I am a sweet, funny, intellegent guy. I have a decent body which is getting better. I don't have a six pack...but maybe one day. UNFORTUNATELY...I myself fall under these same views. I am attracted to hot runners build frat boy types...and I don't fit their typical type. It doesn't make sense...but it's true. I hope I find someone. I know what I become in a relationship...and most gays..aren't interested. I become freaking gay june cleaver. Totally domesticated. I am so straight when I am not in a relationship that only the finest tuned gaydar even picks up a blip when I walk into a room...put me in a relationship and I am waiting at the door with slippers and a pot roast. For women...halle-freakin-lujah! For men....run the other way.

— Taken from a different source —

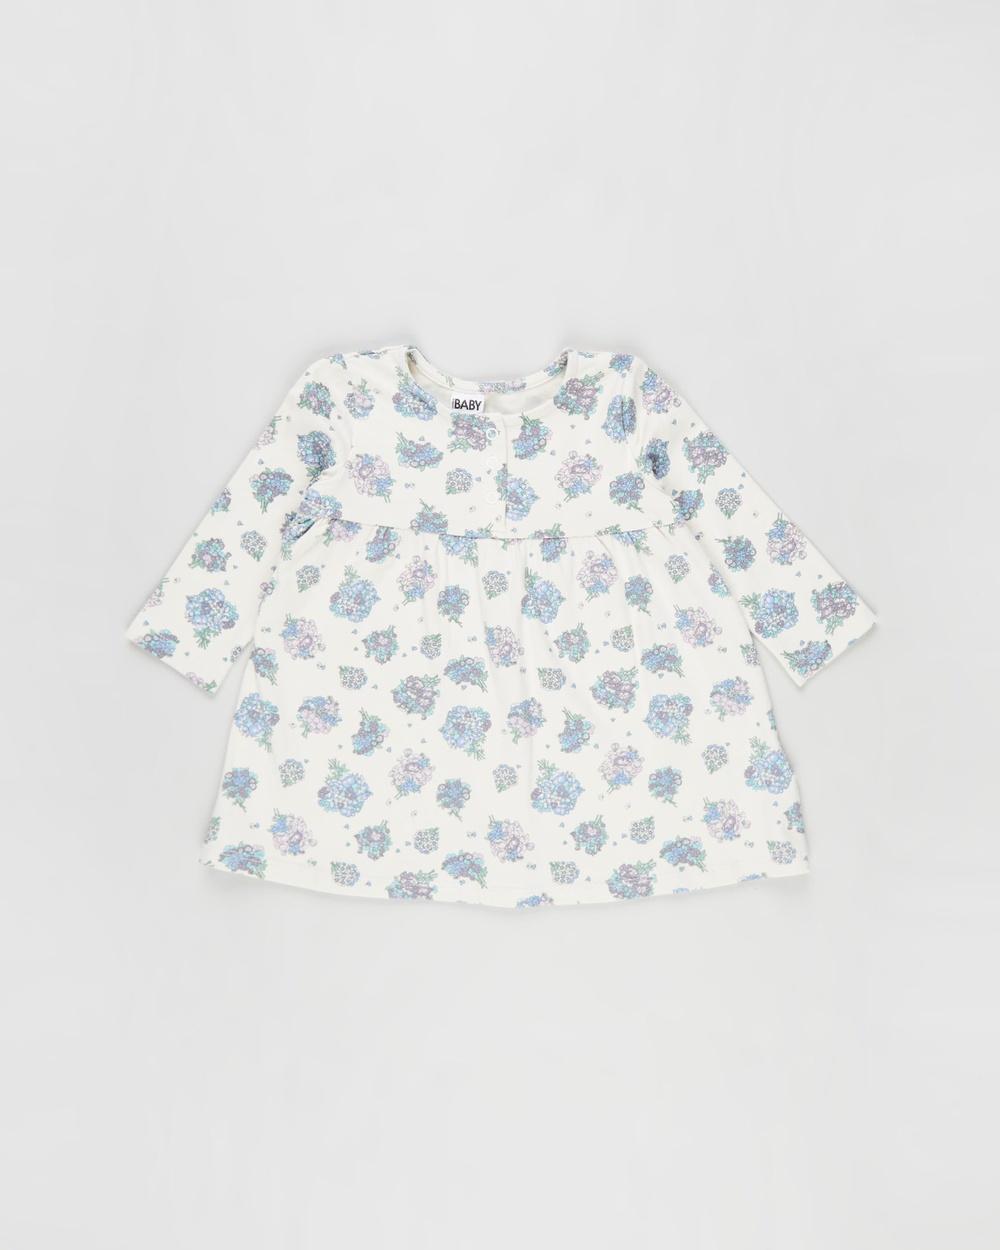 Cotton On Baby Molly Long Sleeve Dress Babies Dresses Dark Vanilla & Dusk Purple Petunia Floral Australia

Example: My 3 month relationship...we had a lot of good times...well...3 months worth. Either way...my favorite memory? Not the day we went to the beach for my birthday..and he packed and planned everything for me. Nope. Not the night we met at a party and hit it off instantly and ended up being together for months. Nope. My favorite memory? The day that he had homework to do...and we laid in bed until lunch...him reading his assignment and me reading a novel. Then we went and got some sandwiches at a nearby mom and pop sandwich shop. Then came back and spent a somewhat rainy afternoon at my apartment..working on homework...then I cooked us dinner..and we went to bed.

I know your life isn't measured by your relationships...but it sure as hell makes the measuring much easier. I want to be loved....I am tired of being young and stupid. I want to get married...I want to have kids...I want to wake-up with someone and laugh about morning breath but keep kissing goodmorning cause we don't care....I want to go to sleep next to someone...I want to get pissed off about stupid things..I want to know I'm here. I feel like I am slipping through life...never getting a foothold. I need something to hold onto. Please God...let me find it.

Thursday, January 15, 2009

Extreme

The chill in the air today is almost too much for me. I am cold...very cold. It's day's like today that make me just want to stay in bed all day...not so much because I want to..but because I feel if I am away from the protective wool bubble that is my comforter I will soon feel my blood icing over. I am cold at my core. So needless to say I am a Florida boy...clearly born in a tropical climate...in a summer month...and though I want to move to Chicago at some point. I probably won't...for fear of freezing to the side walk..or never leaving my wool bubble.